How to Balance Scientific Research with Practical Training

The lens of science has given us some incredibly useful information about running.

Scientific research has illuminated everything from injury prevention and rehabilitation to race-day preparation and best practices in training.

With the advent of well-designed scientific studies, we don’t have to rely only on folk wisdom to answer questions like “is hip strength important for runners” or “should I take ibuprofen to treat all of my running injuries” or “will a cup of coffee help me run faster on race day?” (the answers, by the way, are yes, no, and yes).

I am continually impressed by the things that I learn through reading scientific studies on running-related topics.  Nevertheless, once in a while the scientific literature will come to a conclusion that’s the complete opposite of what I’ve found in my time as a runner and a coach.

Today, I’d like to examine a few examples of this and try to figure out why the science says one thing while “runner wisdom” says another.

Hard-to-believe scientific research results

To get started, I want to highlight some scientific findings that we’ve uncovered that go against very common (and practical) running wisdom Then we’ll look at how you can balance or interpret these findings correctly and apply them to your training in the right way.

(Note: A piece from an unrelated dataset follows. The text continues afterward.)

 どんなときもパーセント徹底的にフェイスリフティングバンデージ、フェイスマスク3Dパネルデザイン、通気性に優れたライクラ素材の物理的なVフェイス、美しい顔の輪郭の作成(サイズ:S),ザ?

Should you run when you feel sick?

The first is the question of whether you should keep running when you start getting sick.  In my own running and coaching experience, trying to continue to train with a sore throat, fatigue, soreness, and all of the other symptoms of an upper respiratory infection is an unqualified mistake.

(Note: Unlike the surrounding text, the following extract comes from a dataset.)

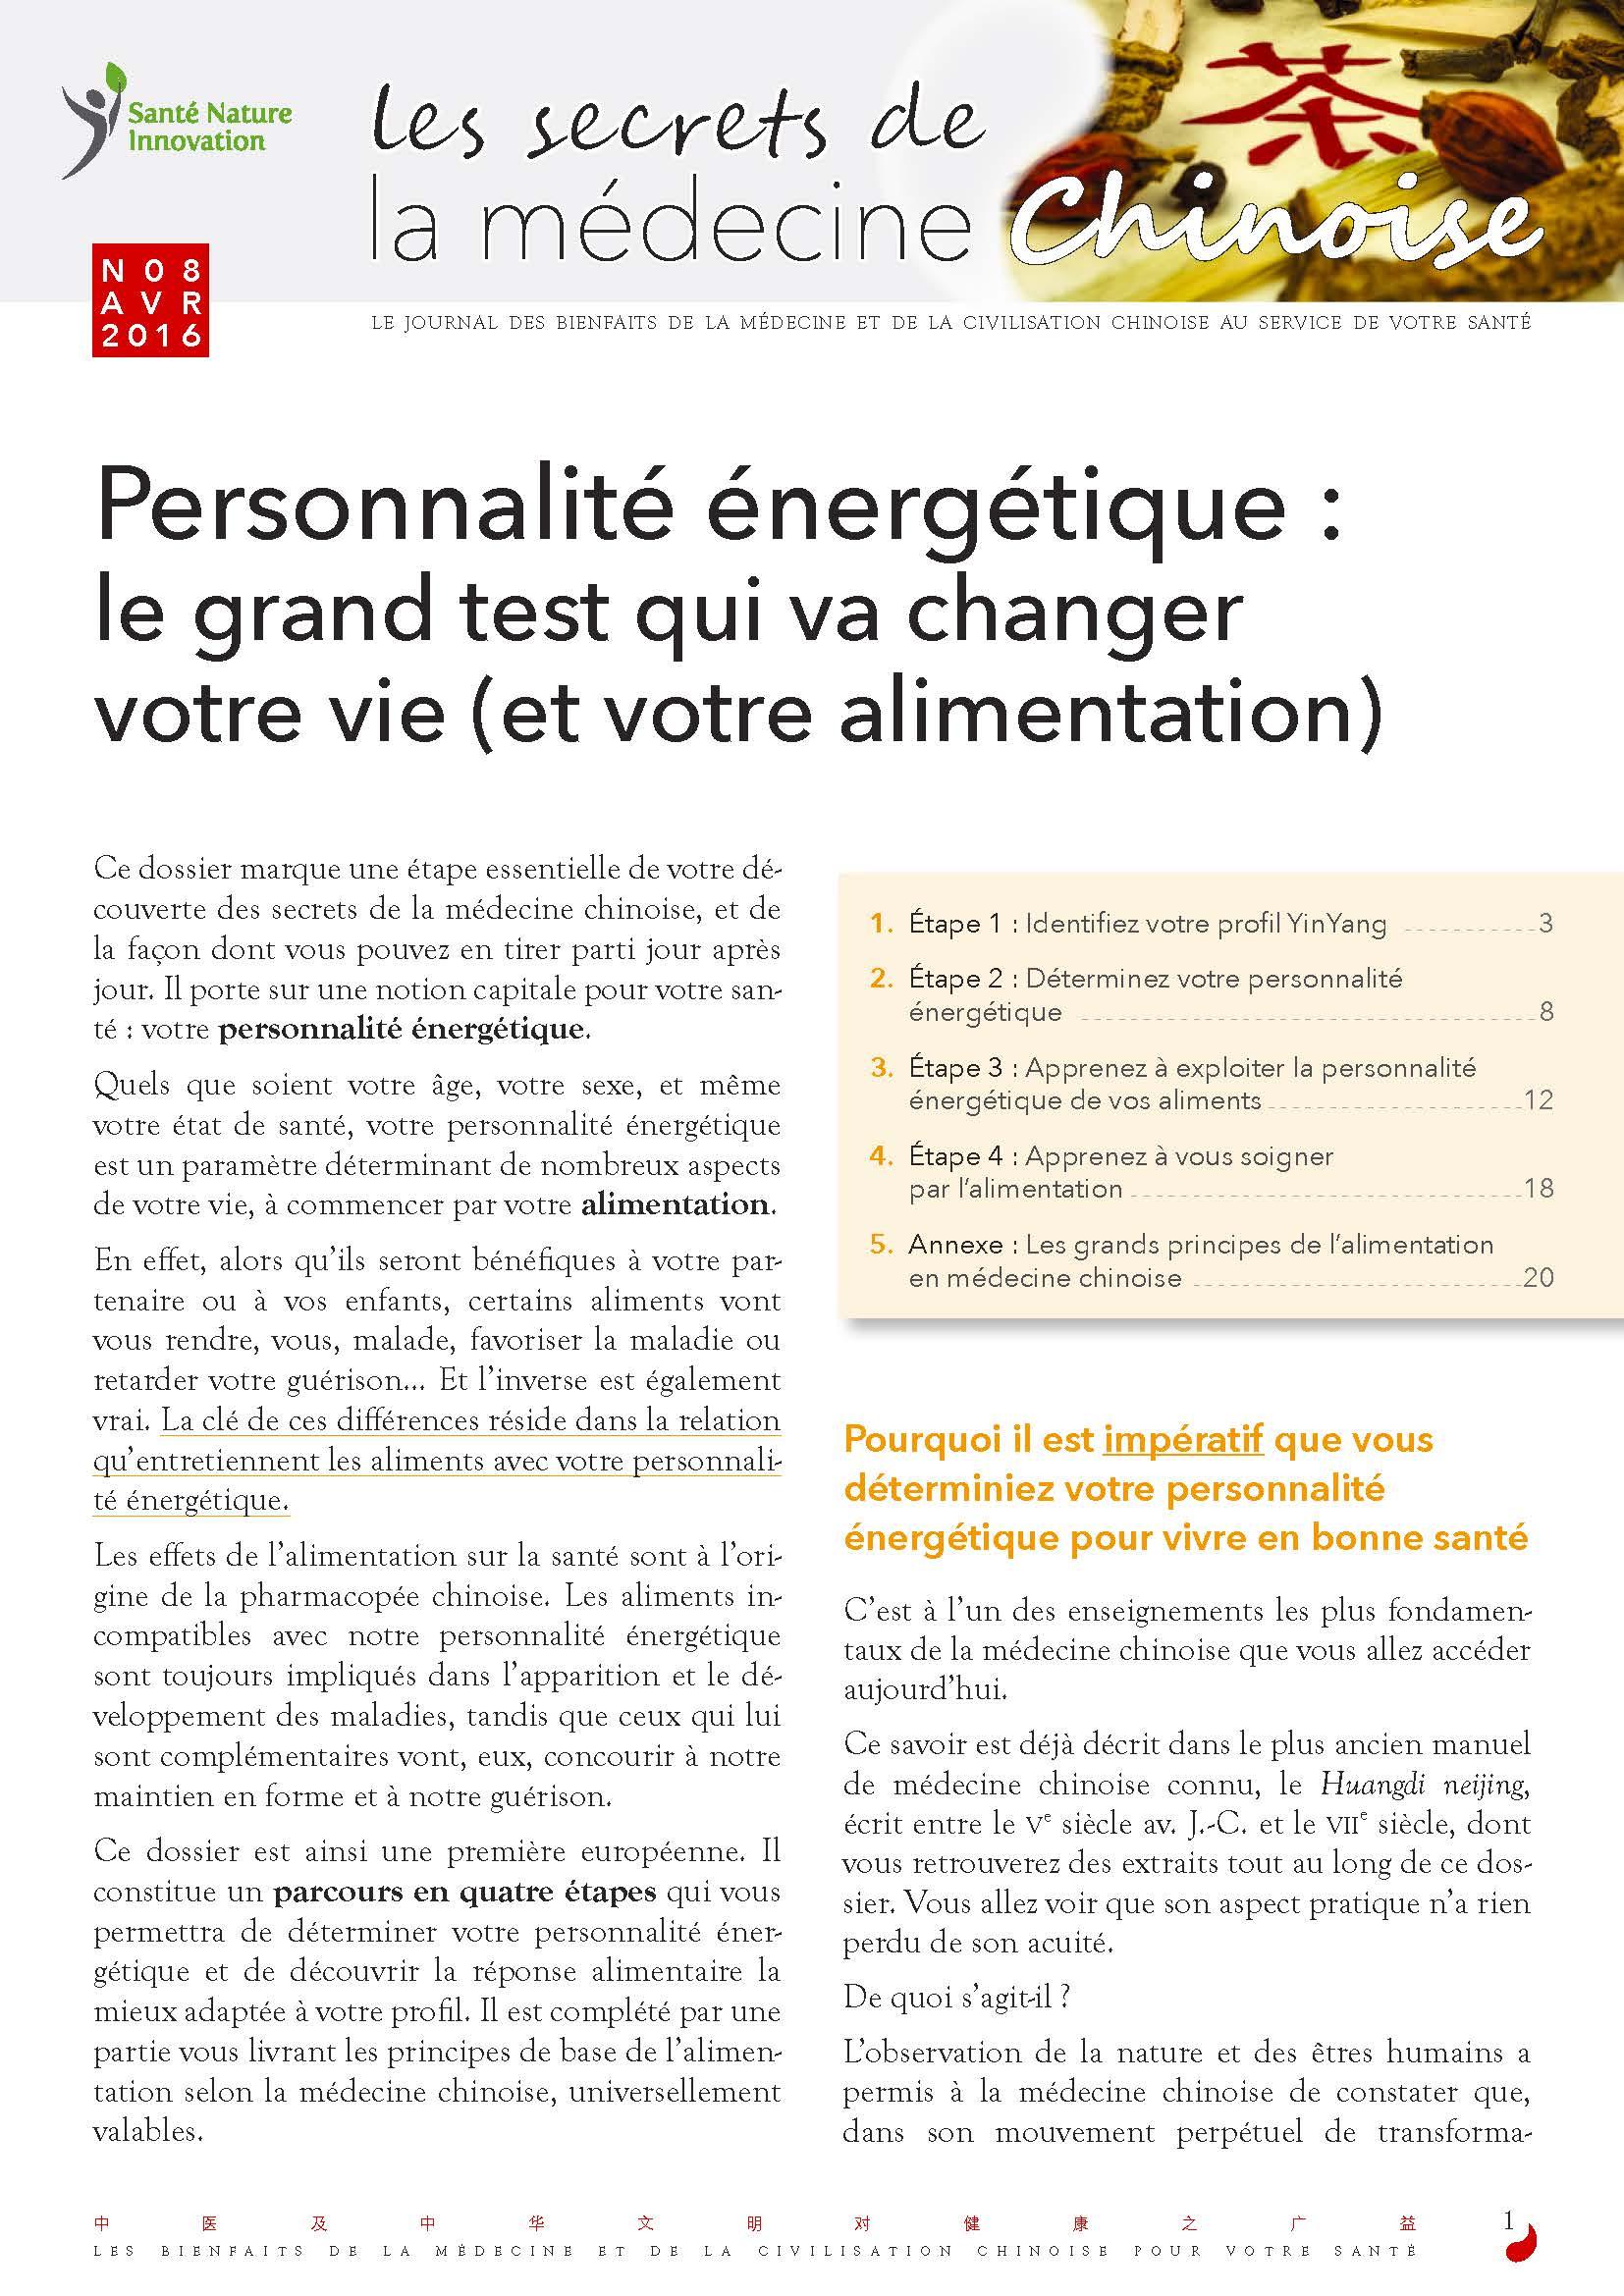 08 PERSONNALITE ENERGETIQUE 1

But scientific research claims otherwise: research done at Ball State University appears to show that moderate-intensity aerobic exercise doesn’t affect the length or severity of an upper respiratory infection.

The effects of pacing on running

Another case is the effects of your pacing on your normal mileage runs.

It’s fairly well-accepted in the running community that going too fast on your easy runs means you’re bound to get injured.  But several large studies of runners demonstrate otherwise: on the whole, runners who do their training runs fast don’t get injured any more than those who train slow.

Running with injuries

Finally, even something as basic as running when you’ve got an injury isn’t as simple as you might think.

While I’m always quick to warn athletes I coach not to run on a nagging injury, new research is showing that, at least in cases of chronic soft-tissue injuries like runner’s knee or Achilles tendonitis, running on mild or moderate pain doesn’t leave you any worse than not running at all, as long as the pain during running doesn’t exceed 5/10 on the pain scale, and as long as it has faded by the next morning.

Is science or our perception always right?

So what are we to make of this?

Taking both science and personal experience at face value can lead to some serious cognitive dissonance.  To resolve this, we’ll have to tease apart some of the subtleties of both scientific experiments and personal observations.

Flaws in scientific design – research participants

Despite rigorous experimental design, scientific studies are often still full of issues that could limit their applicability to a serious runner in training.

The research cited above on upper respiratory infections, for example, used moderately active undergraduate students, not distance runners training for a marathon.

So we might be able to argue that hard workouts, high mileage, and races put a much greater stress on an already-bogged down immune system in competitive runners, which could account for why I and many others have found that trying to run through illness is not a good idea.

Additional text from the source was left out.